EP by Odetari
- Released: December 6, 2023
- Genre: Hip-hop
- Length: 24:09
- Label: Artist Partner Group
- Producer: Odetari; 9lives; Lilswirll;

Odetari chronology
| XIII Sorrows (2023) | Door to Dusk (2023) | Keep Up // Frostbite (2024) |

Singles from Door to Dusk
- "You're Too Slow" Released: May 18, 2023; "I Love You Hoe" Released: July 12, 2023; "Baby I'm Home" Released: August 16, 2023; "Dxe Dxe Dxe" Released: November 8, 2023;

= Door to Dusk =

Door to Dusk is the second extended play (EP) by American singer and rapper Odetari, released on December 6, 2023, through Artist Partner Group, with distribution from Universal Music Group. Consisting of eleven tracks and a duration of around twenty-four minutes, it was entirely produced by Odetari, who was accompanied by 9lives and Lilswirll. The album contains guest appearances from Kamo2700, Don Toliver, Jnhygs, Kanii, Removeface and Wolfacejoeyy.

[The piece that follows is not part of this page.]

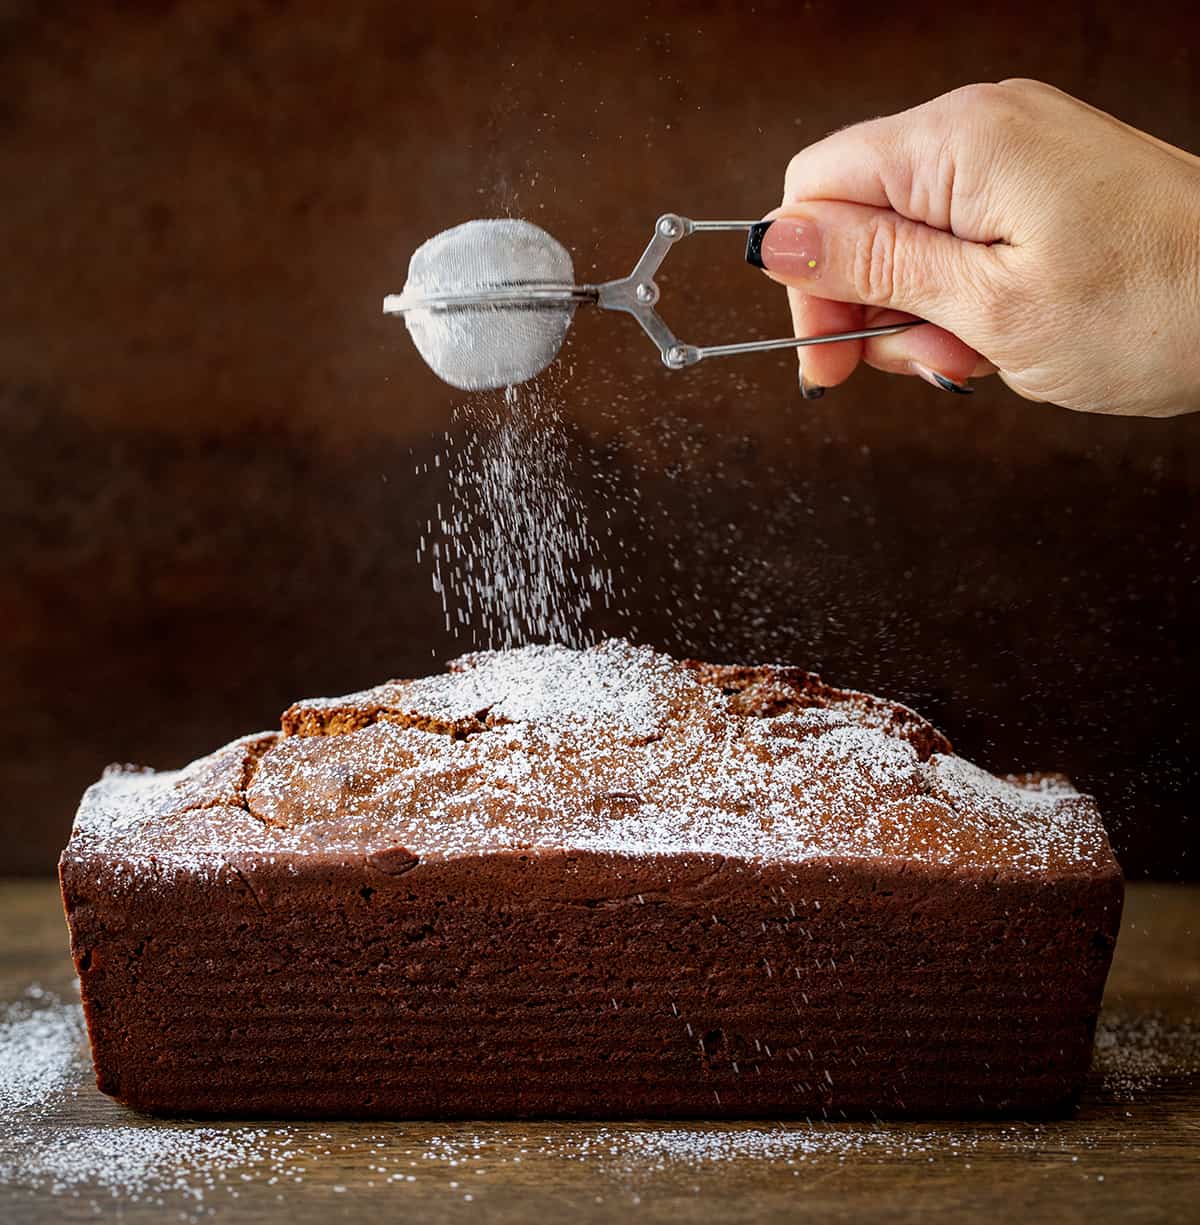 Sprinkling Confectioners Sugar over Gingerbread Loaf on a Dark Table.

The album was supported by four singles: "You're Too Slow", "I Love You Hoe", "Baby I'm Home", and "Dxe Dxe Dxe".

== Background and recording ==
Odetari was fired from his job as a teacher and posted music, which later gained virality through TikTok. Leading to him signing a multi-record deal with Artist Partner Group. Odetari recorded the EP experimenting with music production on his laptop, using his usual distorted sounds and samples, a process he described as utilizing a different type of an energy by chasing boredom and being open to inspiration. He stated "Maybe I might not have the energy to record vocals, so I just make 10 beats instead and vice versa." Going further into detail, saying "I don't believe any good art truly comes from you, it comes to you." In which he classified as an energy "beyond ourselves". Odetari collaborated with video game platform Roblox to host the album's release party. Ahmad had felt that he was not really "competing with other artists anymore," explaining that "I had to make it something else besides my music so that people could at least capture their attention and then introduce the music in that same content.” The party was teased in November 2023, and went on from . The album was inspired by video game franchise Kingdom Hearts.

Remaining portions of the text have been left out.